I have only once performed my own music myself. When I did, I found that I liked to play one piece a lot faster than the metronome mark I had given while composing, so I changed it. smile This is basically how I feel about metronome marks. It's one tempo that the composer feels that the piece could work well in, but it's not the only possible tempo.

Of course, there has been occassions when I've heard some piece of mine played way too fast or (more often) way too slow, which doesn't sound right at all to me. But still, the people who heard it for the first time seem to like it. Perhaps if I would listen to these interpretations again years from now, when I have forgotten my own interpretation, then I might like them...
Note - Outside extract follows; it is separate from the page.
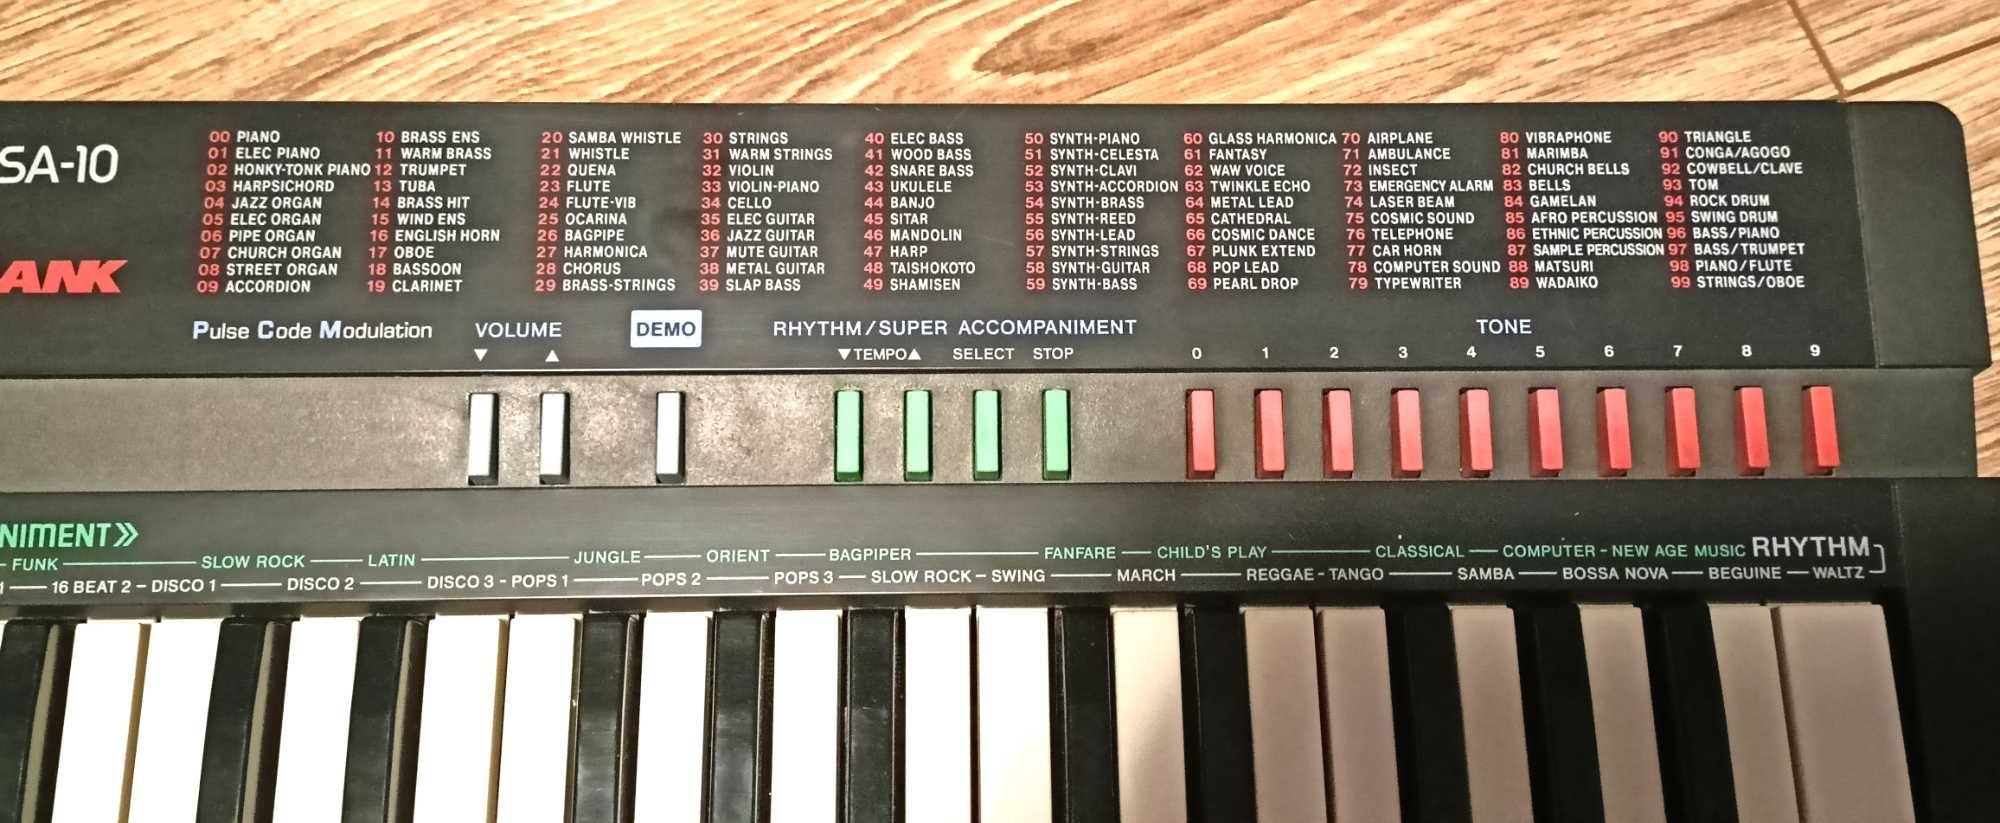 Organki keyboard Casio Sa-10
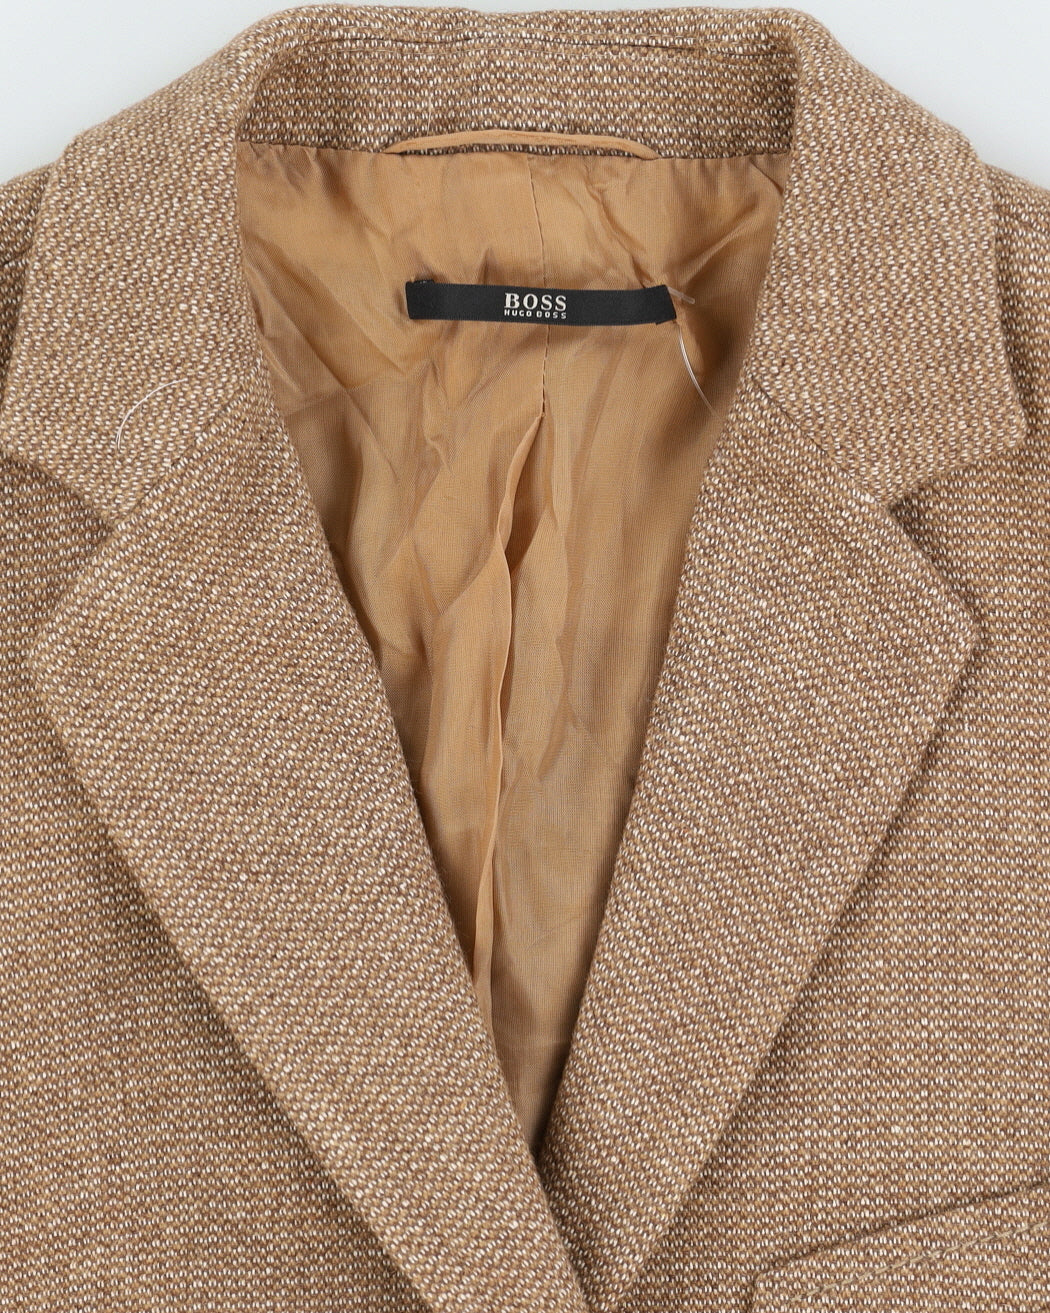 Hugo Boss Brown Tweed Blazer Jacket - S

Back to Chopin. I played this etude a while ago and found that the metronome mark of 66 was way too fast for me. To me the music speaks about something completely different, something that requires a slower tempo. About the fast runs, I never even considered the possibility to play them in tempo, it seemed so obvious that the tempo must be stretched at those points. I mostly saw the etude as an exercise in musical expression and keeping together long melodic lines. (By choosing a faster tempo this does get easier and by doing so the etude loses a bit of it's effect IMO.) To me the fast runs seemed to take this exercise a step further. The challenge is not to play them fast, the challenge is to slow down to a playable tempo without breaking the musical continuity. The ridiculous amount of notes in such a short timespace tells me that this is how Chopin would have thought of it as well. If you manage to do this convincingly, then you have learned the lesson of this etude.